Aim of the exercise: The listing must be copied out in full and exactly; no images go with it.

Source material:
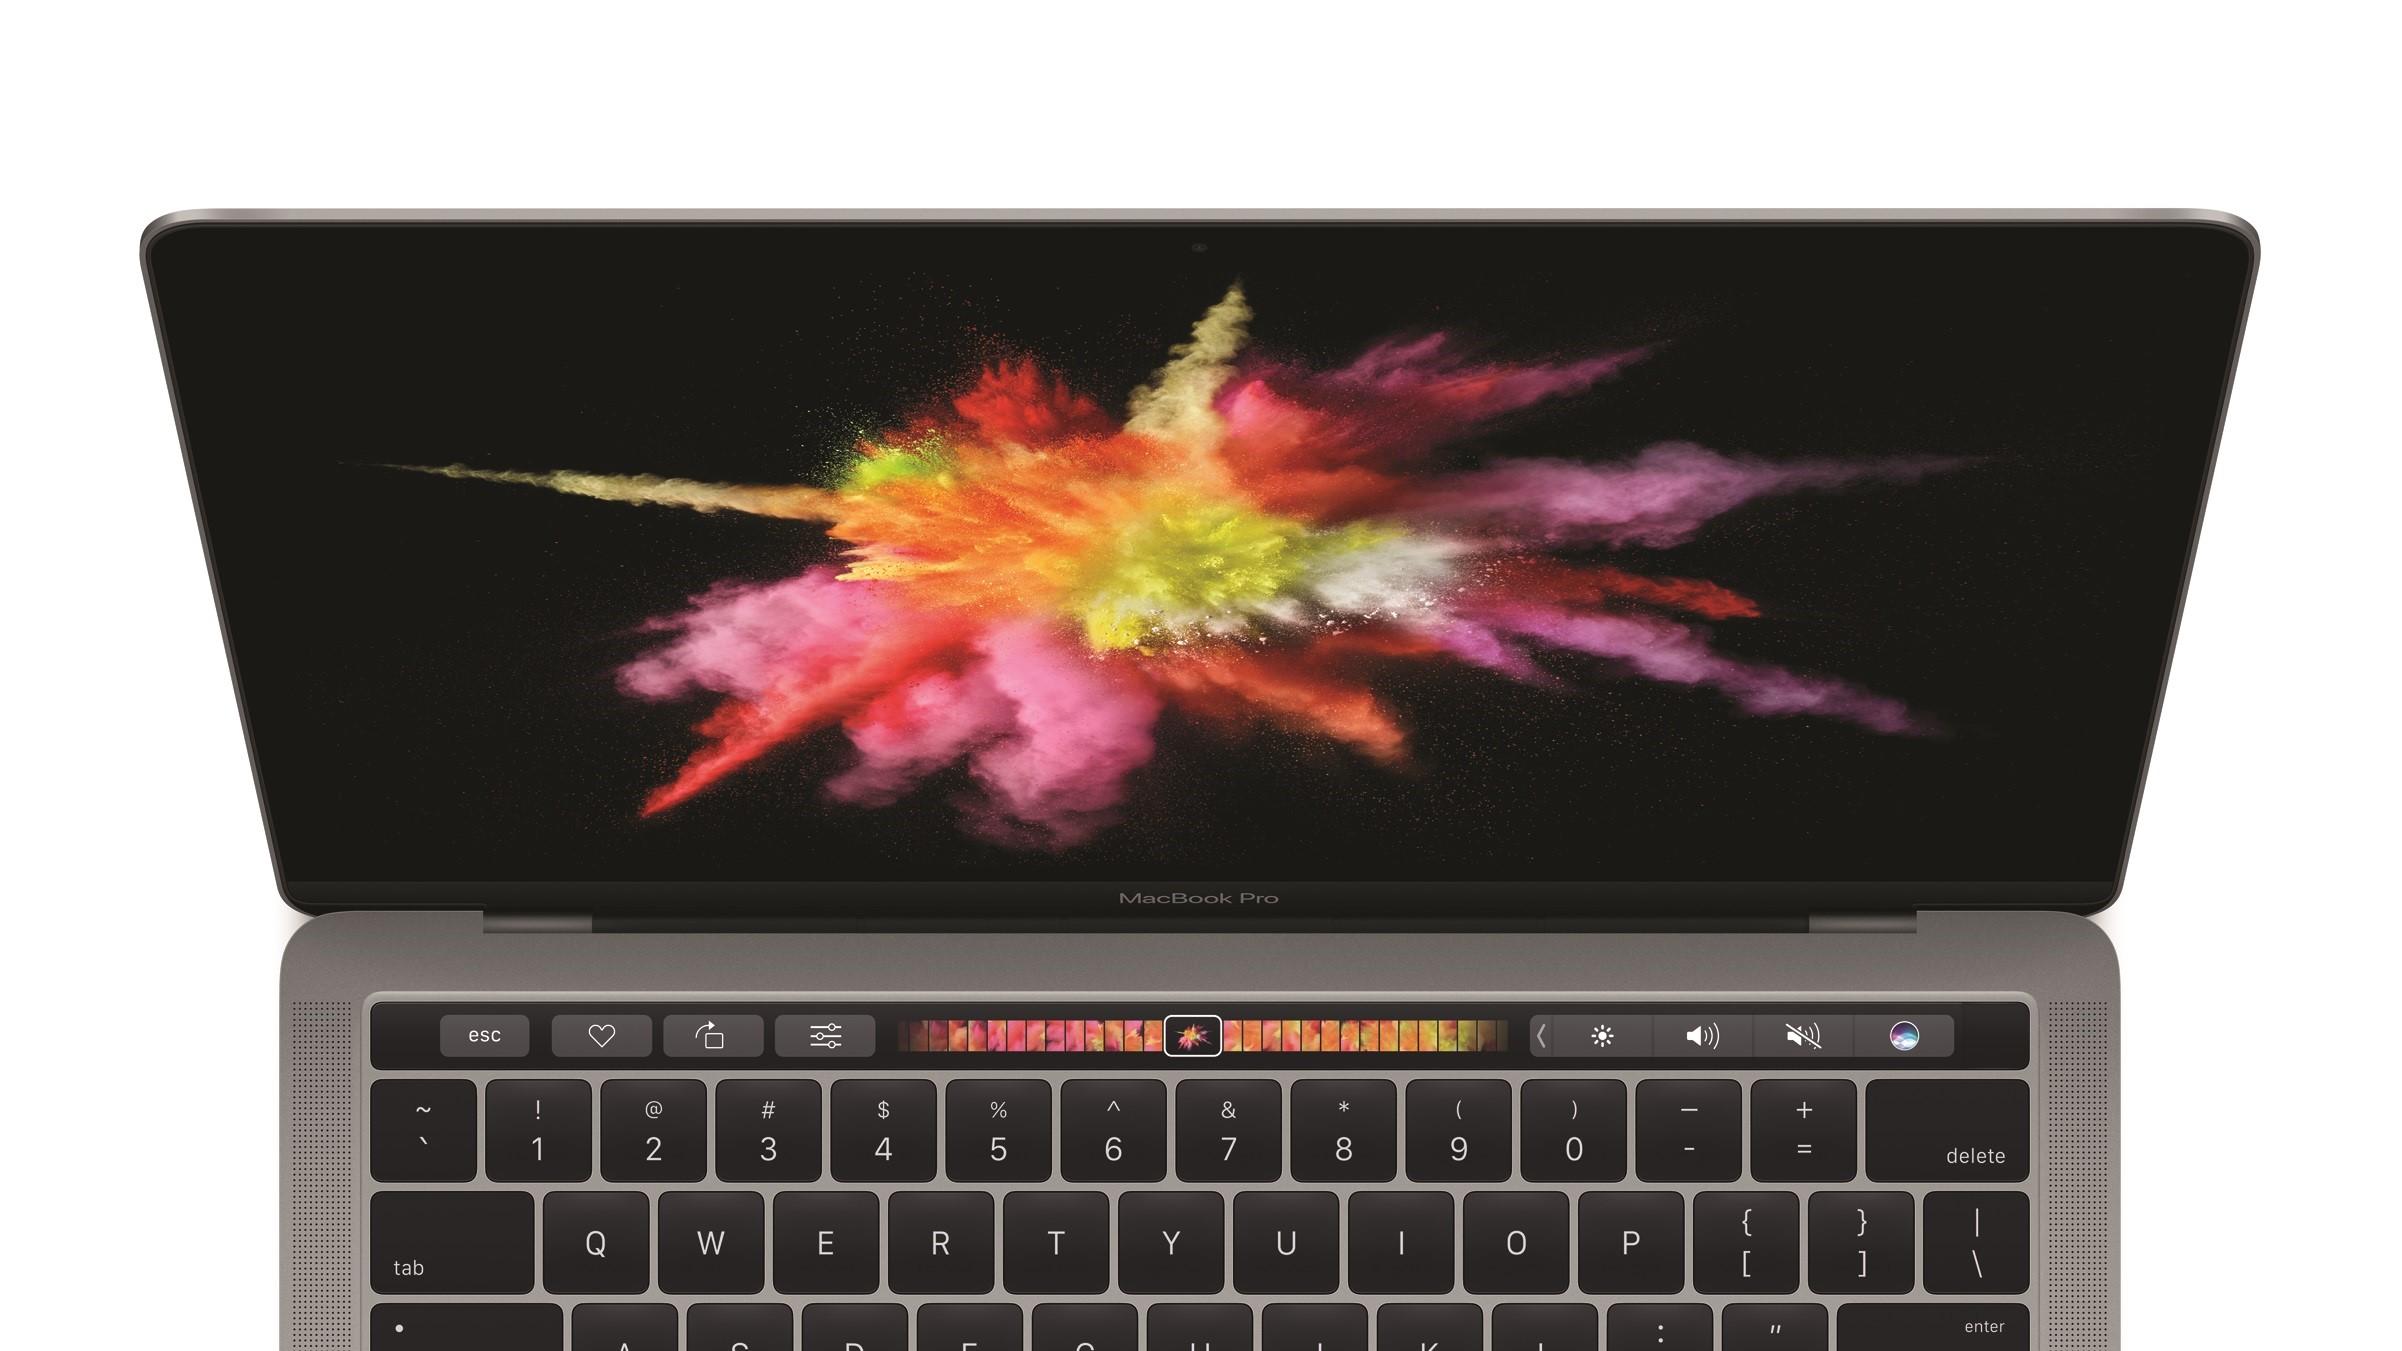 Flere eiere av nye MacBook Pro opplever en økning i batteritiden etter nyeste macOS-oppdatering.
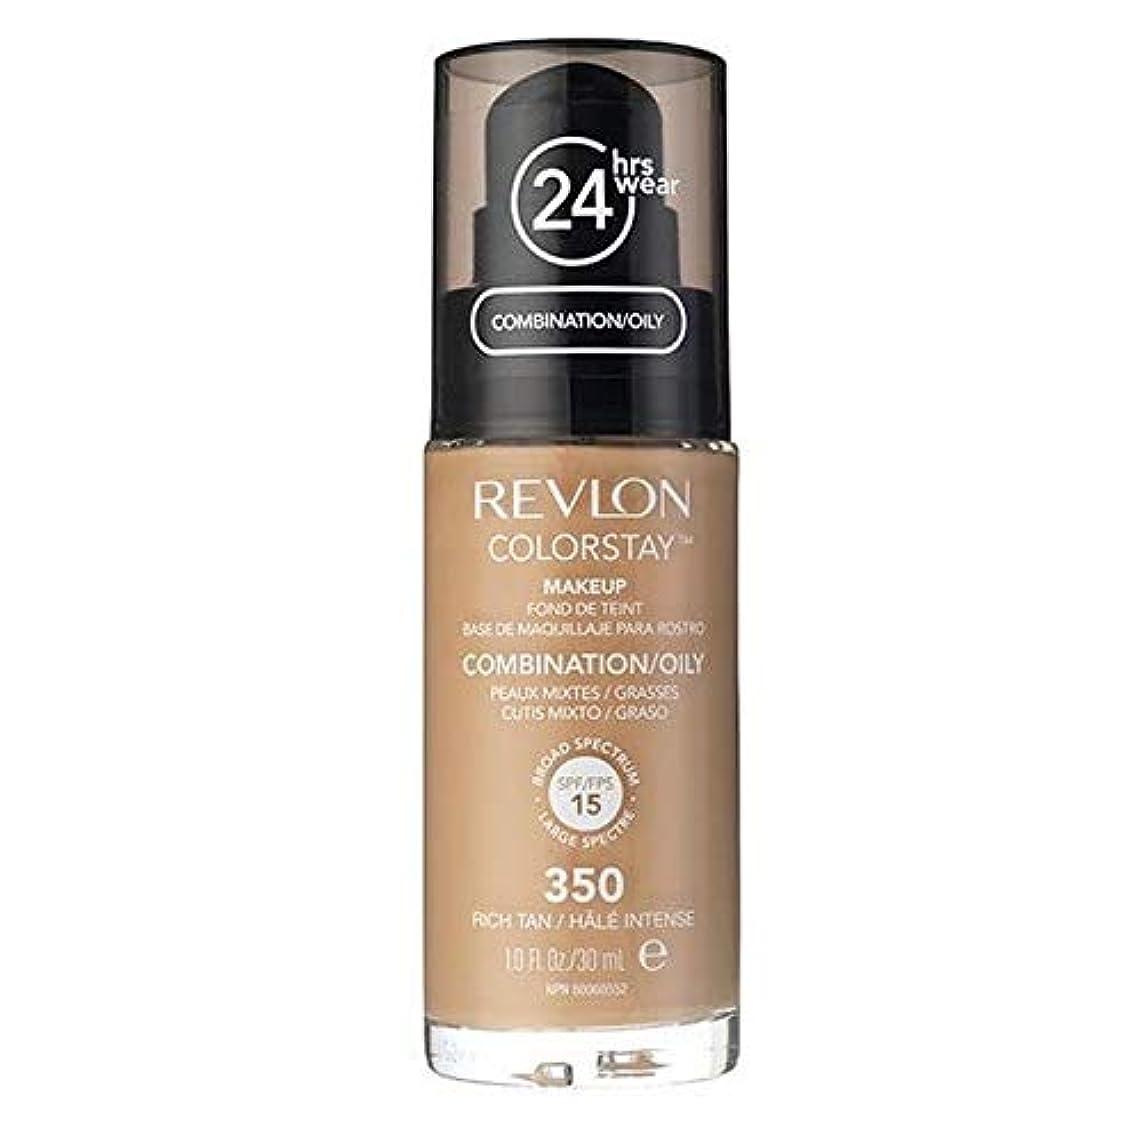 飼い慣らすアパル重要性[Revlon ] レブロンカラーステイ基盤コンビ/油性豊かな日焼け30ミリリットル - Revlon Color Stay Foundation Combi/Oily Rich Tan 30ml [並行輸入品]
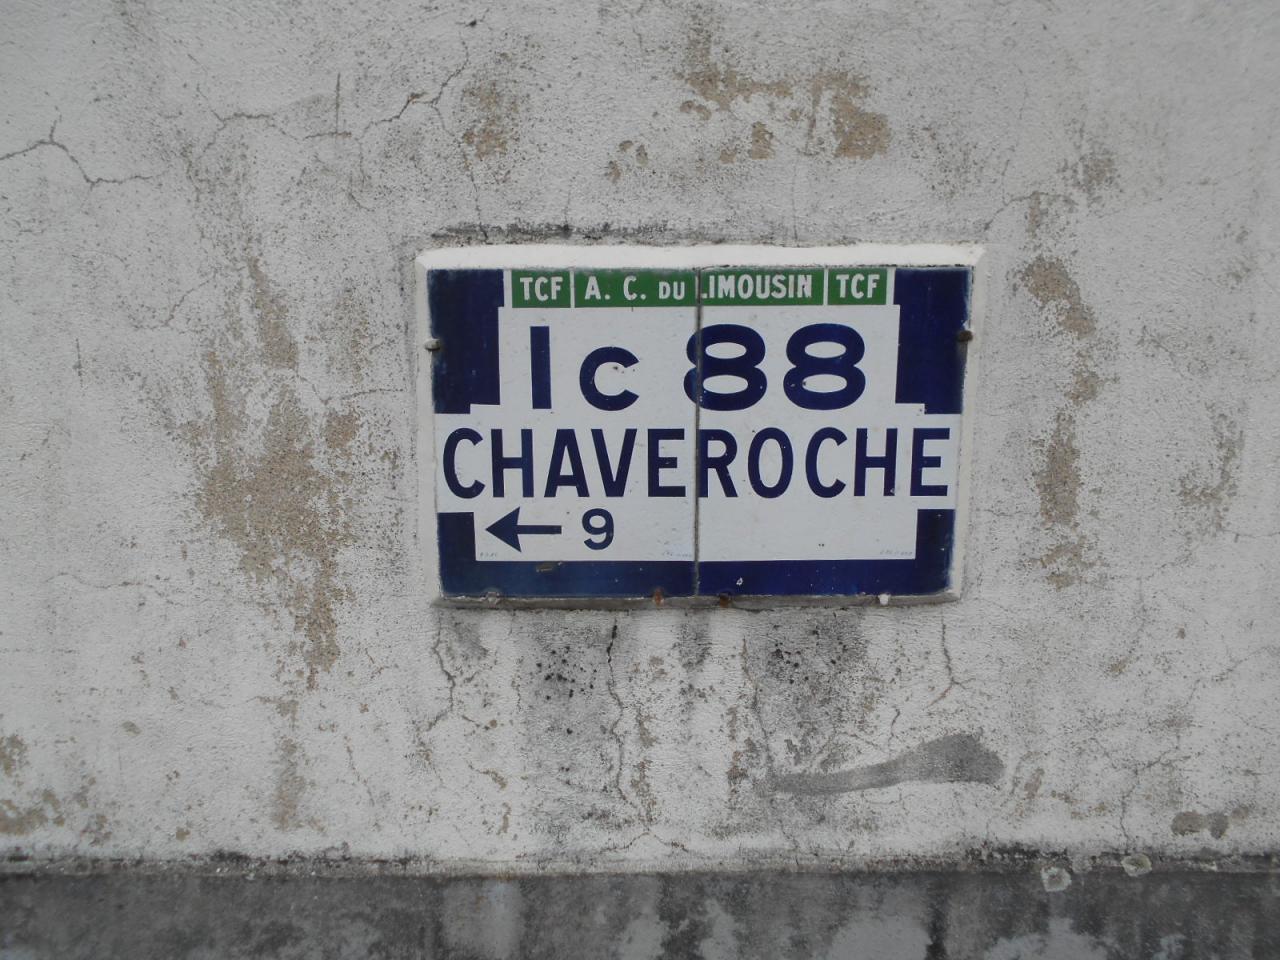 19200 Chaveroche

Written response:
 Flere eiere av nye MacBook Pro opplever en økning i batteritiden etter nyeste macOS-oppdatering.
 飼い慣らすアパル重要性[Revlon ] レブロンカラーステイ基盤コンビ/油性豊かな日焼け30ミリリットル - Revlon Color Stay Foundation Combi/Oily Rich Tan 30ml [並行輸入品]
 19200 Chaveroche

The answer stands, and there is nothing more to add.